OP mentions 10-20x cost reduction? Compared to what? AWS?
[1] We have not gone the way of the Xerces blue [2] yet... we still exist!
But I do think a lot of our customers will be out here —- SF is still probably the best place to do startups. We just have so many more people doing hard technical stuff here. Literally every single place I’ve lived in SF there’s been another startup living upstairs or downstairs
Good idea to host some in person events!
now that's a hot take if I ever saw one
Make money off your GPU with vast.AI
> Ubuntu 18.04 or newer (required)
> Dedicated machines only - the machine shouldn't be doing other stuff while rented
well that's certainly not what I expected. ctrl-f "virtual" gives nothing, so it seems they really mean "take over your machine"
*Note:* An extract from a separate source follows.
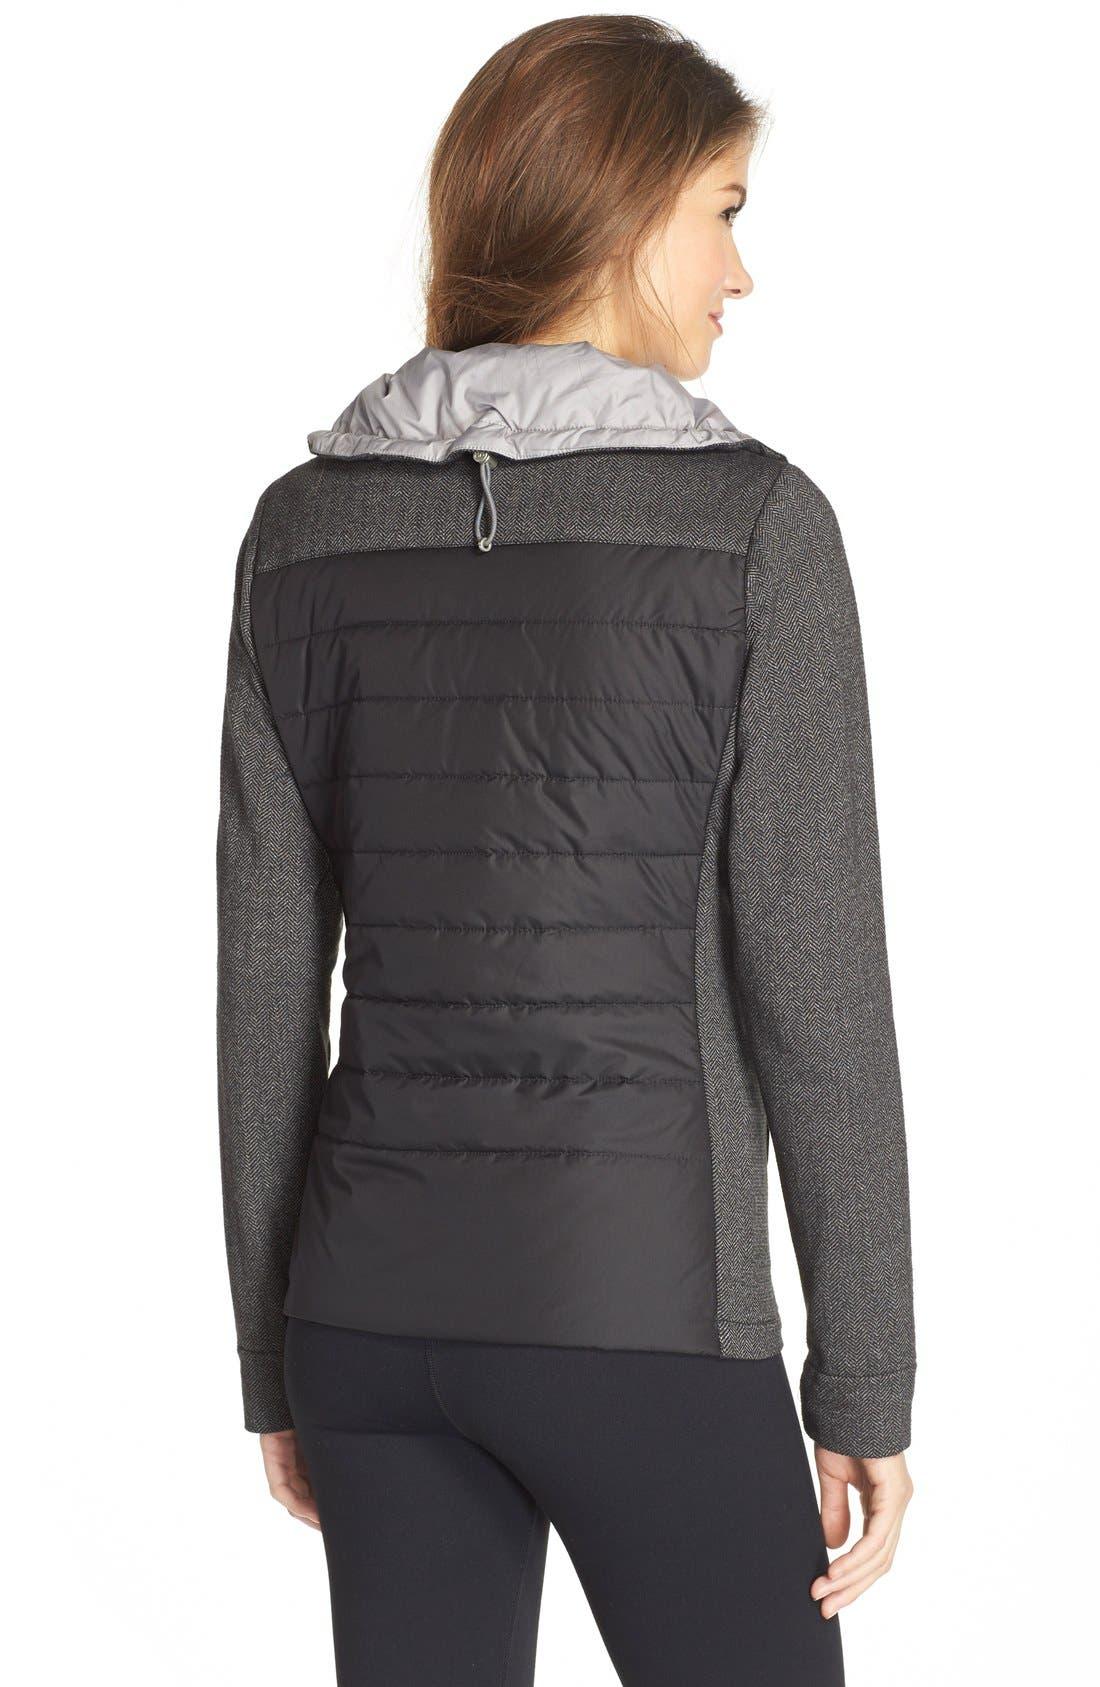 Alternate Image 2  - HellyHansen 'Astra' Jacket

> Note: you may need to install python2.7 to run the install script.
what kind of nonsense is this? Did they write the script in 2001 and just abandon it?
Basically twitter devolves into the Colos of the late 90s :-)
-
For those who didnt notice, it was tongue in cheek.
Neither Alex or I are currently VCs, and this has no affiliation with any venture fund.
We want to be a customer of the sf compute group too!
Perhaps its also a way for freshly applying grad students to look at a university looking to do research in LLMs that requires scale...
554 5.7.1 <alex@sfcompute.org>: Relay access denied
Price and market depth are very different things
When was the last time you spoke to a chatbot?
Where will the cluster be hosted ?
May I suggest that you get your IP transit from he.net ?
Who is funding this?
Cause if it’s VC then it’s going to have the same fate as everything else after 5-7 years.
I hope y’all have as innovative of a business model. You’ll need it if you want to do what you’re doing now for more than a few years
Not everything has grow to have the appetite of Galactus and swallow a whole planet. Making single digit millions of dollars over a couple of years is still worthwhile, especially if it helps others and moves humanity forwards.
This project isn't ever going to want to try and compete with AWS, so no, it's not a billion dollar question. $20 Million, yeah.
That’s why I’m asking because a “bootstrapped” company like you describe has a future…
One backed by VC doesn’t
I mean they may have a future but not like you describe
Is it accurate to say you’re willing to go into ~20,000,000 USD debt to sell discounted computer-as-a-service to researchers/startups, but unwilling to go into debt to sponsor the undergraduate degrees of ~100-500 students at top-tier schools? (40k - 200k USD per degree)
Or, you know, build and fund a small public school/library or two for ~5 years?